Microphysical Reduction of Vacuum Kernel Tilt and Internal Precession in the Axis Model

This paper completes the microphysical foundations of vacuum anisotropy in the Axis Model by deriving, rather than assuming, the parameters that govern internal orientation and projector-weight suppression in Scenario-B normalization.

Previous work introduced an internal-precession interpretation in which reduced projector weights arise as time-averaged orientation fractions of a coherent internal degree of freedom. While that interpretation successfully explained phenomenology, several key elements were left open: the microscopic origin of the anisotropic kernel, the dynamical timescale controlling the averaging procedure, and the identification of the internal direction probed by gravity.

Here we close those gaps at quadratic order.

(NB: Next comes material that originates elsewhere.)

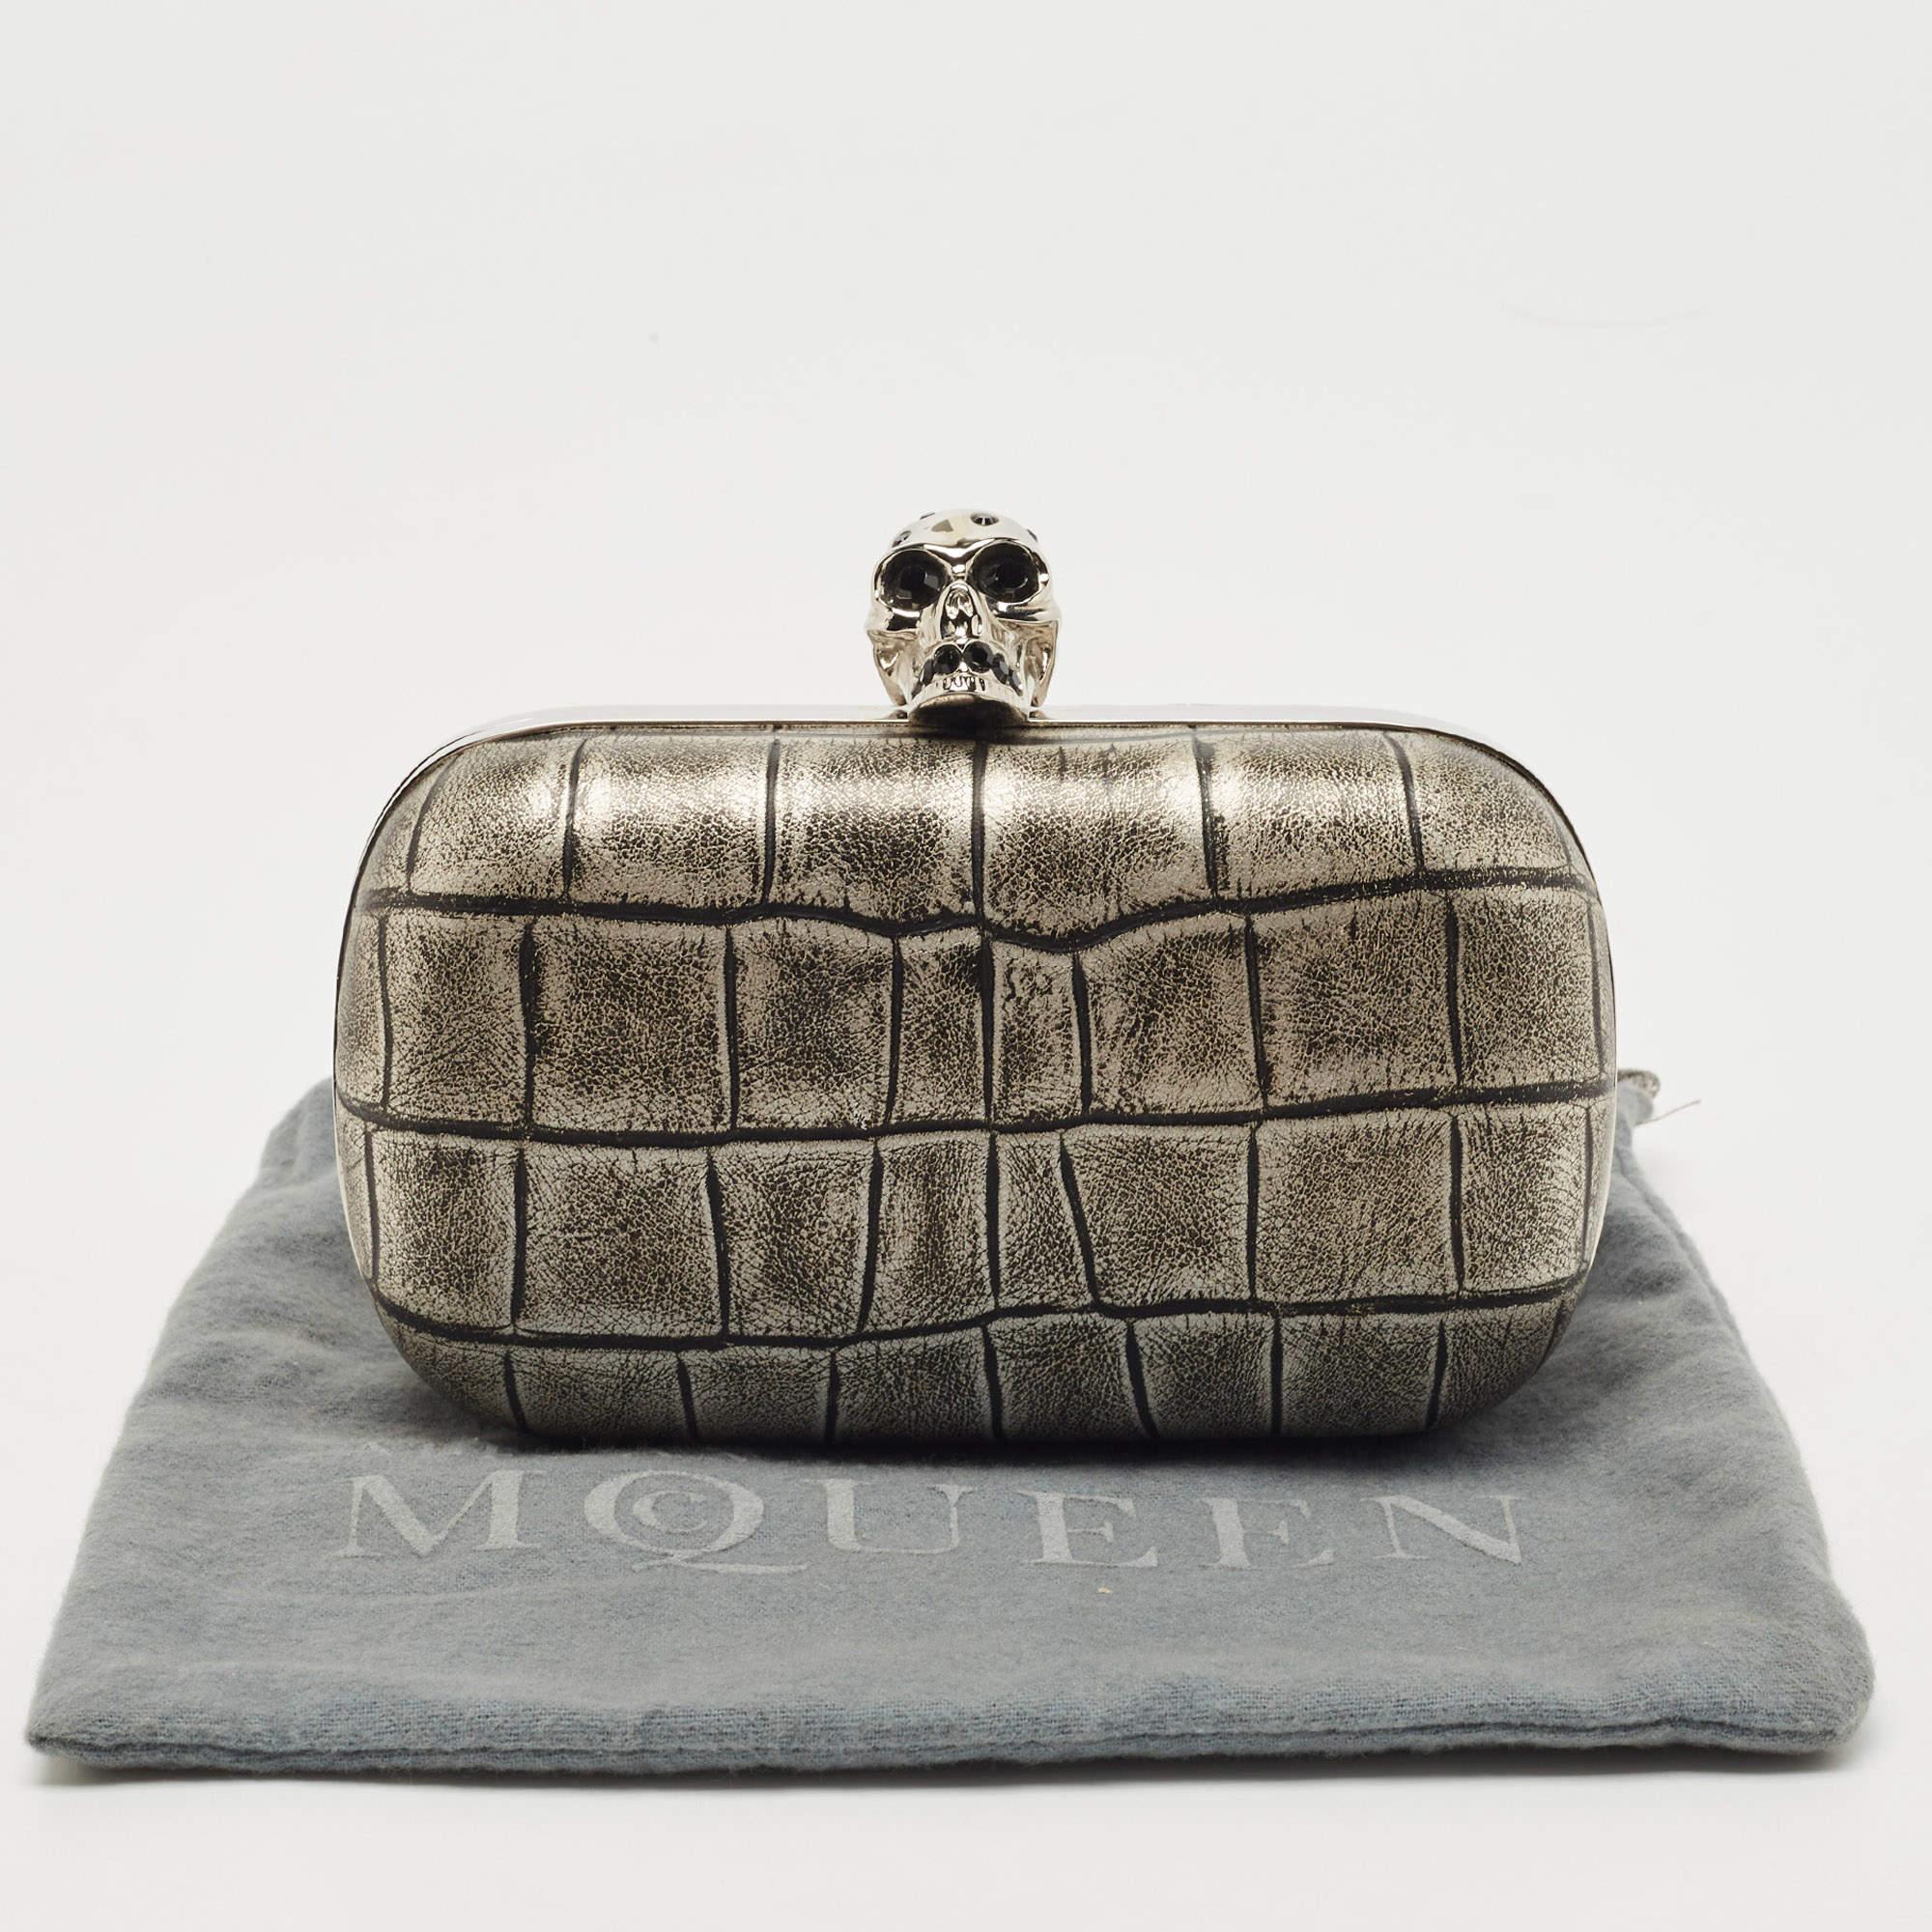 Alexander McQueen Grey/Black Croc Embossed Leather Skull Box Clutch 2

Starting from a generic collective-coordinate Lagrangian for the coherent branch, containing light internal coordinates and heavy locking or mediator modes, we perform a controlled quadratic reduction. Integrating out the heavy sector via a Schur-complement construction yields an effective light-sector kernel and inertia. Canonical normalization then fixes the physical meaning of the anisotropy parameters and removes basis ambiguities. We include the explicit calculation of the precession frequency and timescale validation and include the reproducible code.

This version corrects formatting error only-no change in content.